Lukisan karya pelukis rakyat Yunani Theophilos Hatzimihail yang menunjukkan pertempuran di dalam kota, Konstantinus terlihat di atas kuda putih

Sebuah fajar baru

Penduduk Kristen di kota itu dibantai dan gereja-gereja mereka dinodai. Ketika Mehmed mengendarai mobilnya melewati kotanya yang hancur pada bulan Juni, ia terkenal terharu dan menangis melihat ibu kota Roma yang dulunya pernah menjadi ibu kota Roma yang setengah penduduknya dan tergeletak di reruntuhan. Gereja Hagia Sofia yang agung diubah menjadi sebuah Masjid, dan kota itu berganti nama menjadi Istanbul.

Kota ini tetap menjadi bagian dari negara modern Turki, yang sekarang merupakan sisa-sisa Kekaisaran yang mengklaim sebagai Roma ketiga setelah tahun 1453. Setelah Mehmed memulihkan ketertiban, orang-orang Kristen yang tersisa di kota itu diperlakukan dengan cukup baik, dan dia bahkan mengangkat keturunan Konstantin yang masih hidup ke jabatan tinggi dalam rezimnya.

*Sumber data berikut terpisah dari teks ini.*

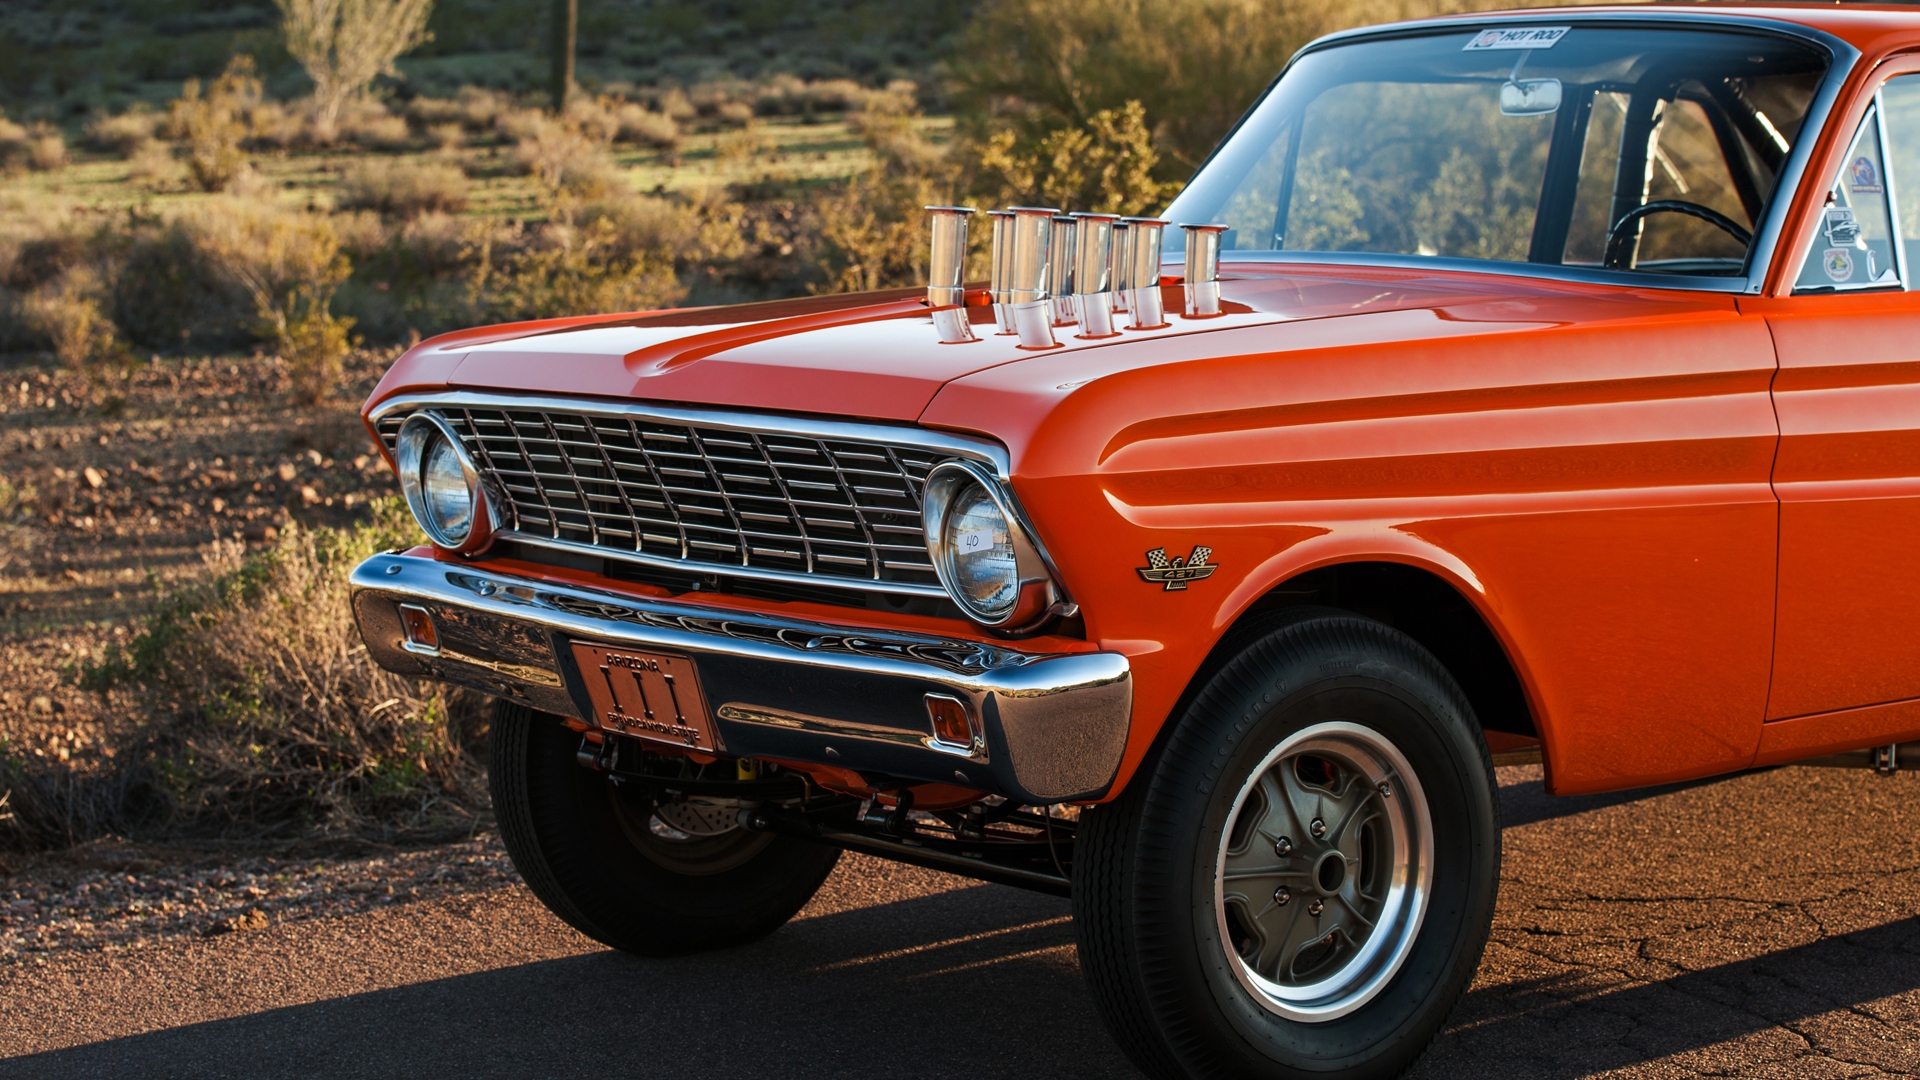 Vehicles 1964 Ford Falcon HD Wallpaper | Background Image

Mungkin hasil yang paling positif dari kejatuhan itu adalah kapal-kapal Italia berhasil menyelamatkan beberapa warga sipil dari kejatuhan, termasuk para sarjana yang akan membawa pembelajaran Roma kuno ke Italia, dan membantu memulai Renaisans dan kebangkitan peradaban Eropa. Akibatnya, 1453 sering dianggap sebagai jembatan antara dunia Abad Pertengahan dan Modern.

Harold Jones

Harold Jones adalah seorang penulis dan sejarawan berpengalaman, dengan hasrat untuk menjelajahi kisah-kisah kaya yang telah membentuk dunia kita. Dengan pengalaman lebih dari satu dekade dalam jurnalisme, dia sangat memperhatikan detail dan bakat nyata untuk menghidupkan kembali masa lalu. Telah bepergian secara ekstensif dan bekerja dengan museum dan lembaga budaya terkemuka, Harold berdedikasi untuk menggali kisah paling menarik dari sejarah dan membagikannya kepada dunia. Melalui karyanya, dia berharap dapat menginspirasi kecintaan untuk belajar dan pemahaman yang lebih dalam tentang orang-orang dan peristiwa yang telah membentuk dunia kita. Saat sedang tidak sibuk meneliti dan menulis, Harold menikmati hiking, bermain gitar, dan menghabiskan waktu bersama keluarganya.